### Description of the task
Instruction for the listing below: copy exactly, and only, the lines from the one holding "Monaco - Principauté" through its last line, omitting any picture.

::: Data below

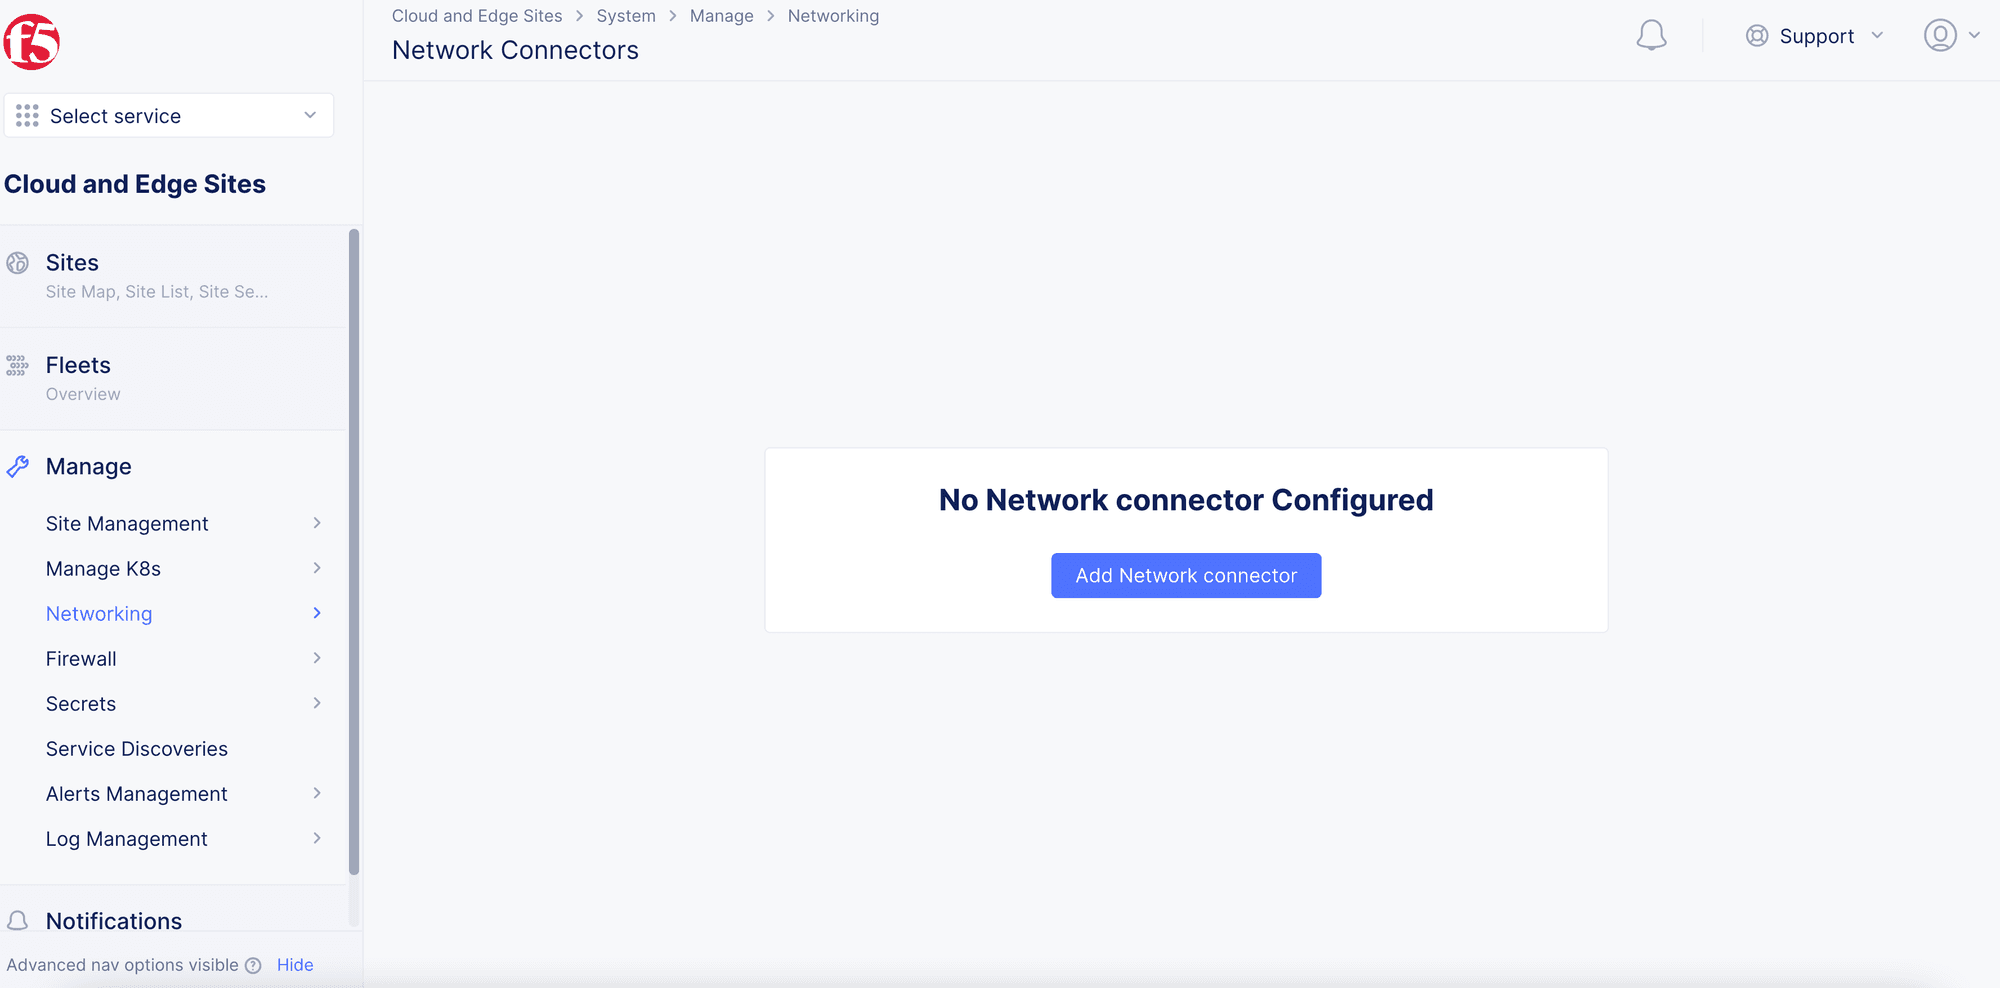 Network Connectors
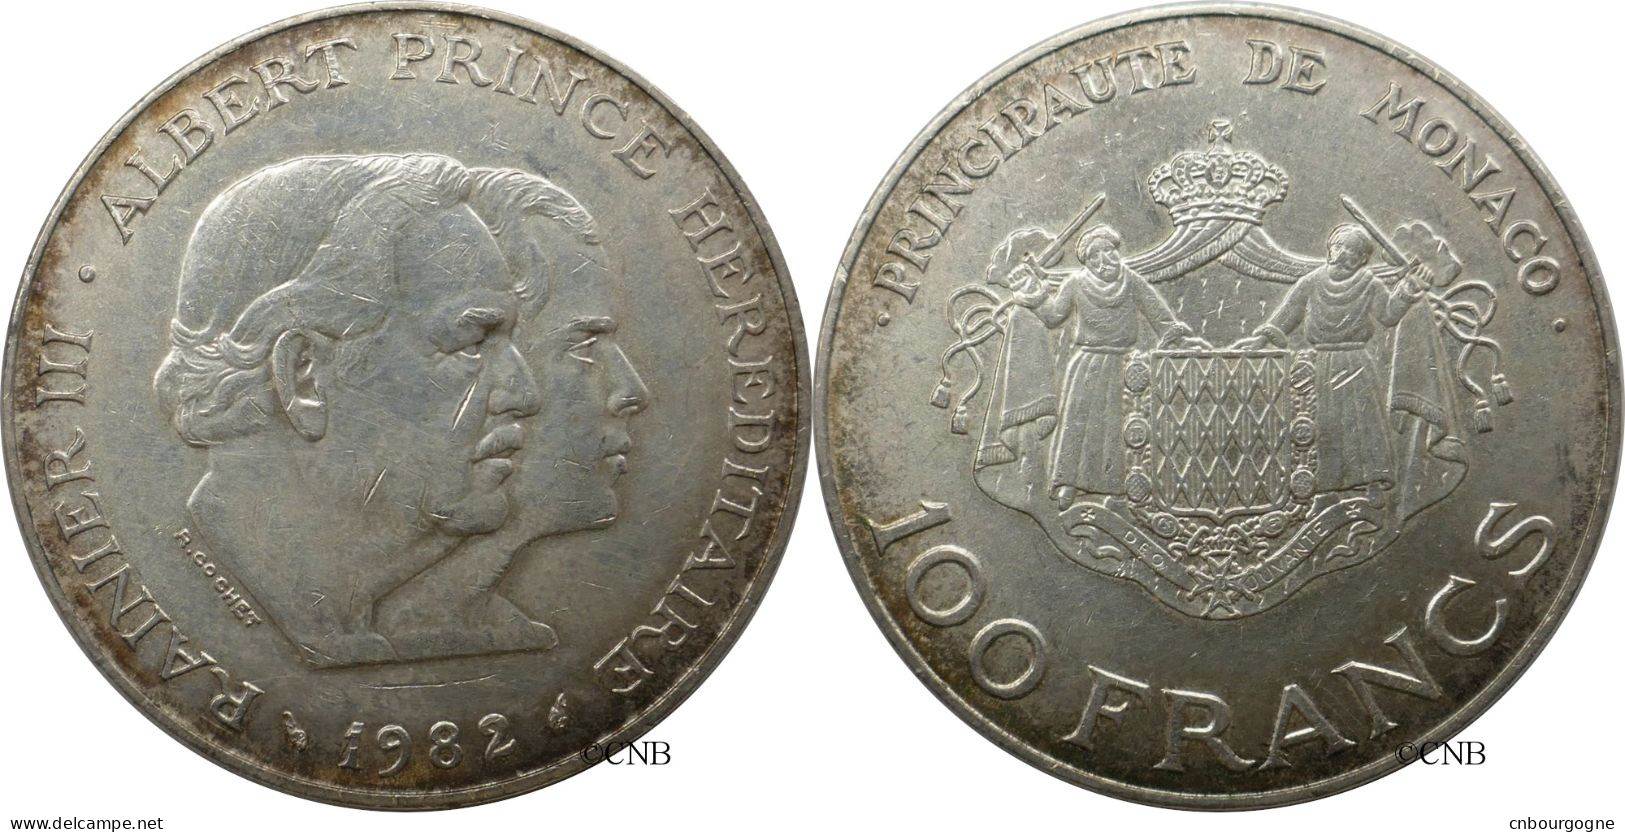 Monaco - Principauté - Rainier III - 100 Francs 1982 - TTB+/AU50 - Mon6790 - 1960-2001 Francos Nuevos
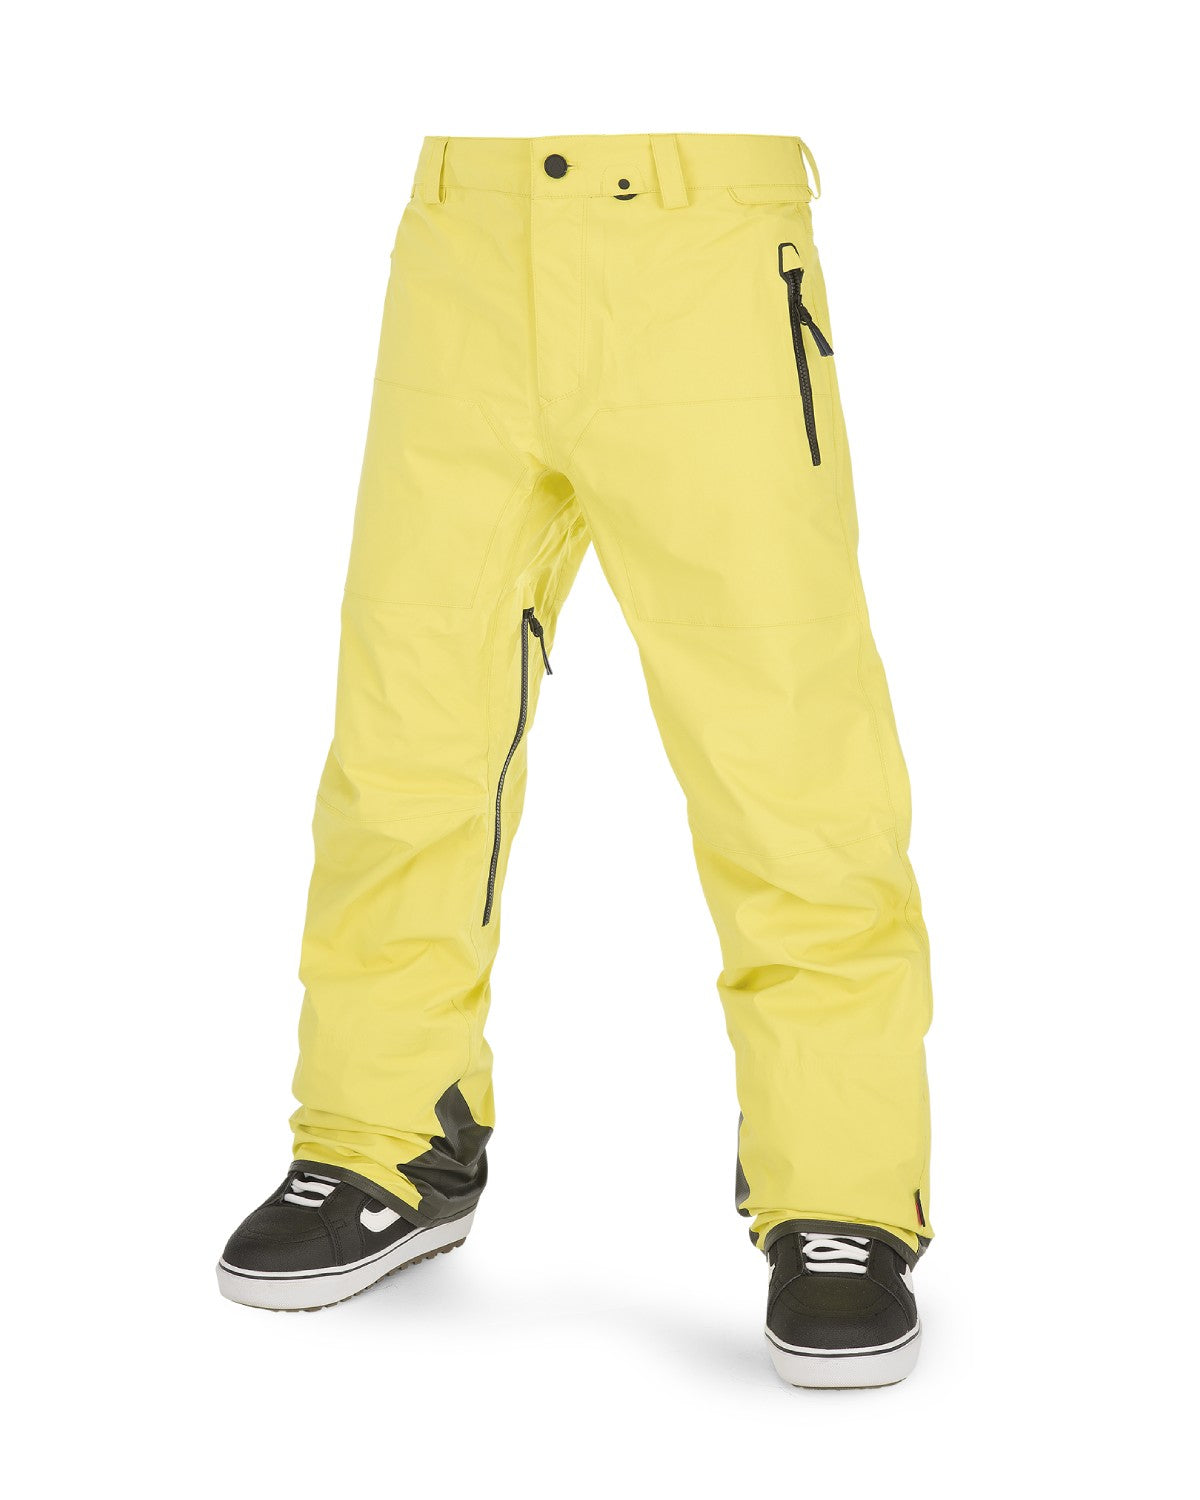 Volcom Guide GORE-TEX Ski Pant in Citron

::::::

### Answer
 Monaco - Principauté - Rainier III - 100 Francs 1982 - TTB+/AU50 - Mon6790 - 1960-2001 Francos Nuevos
 Volcom Guide GORE-TEX Ski Pant in Citron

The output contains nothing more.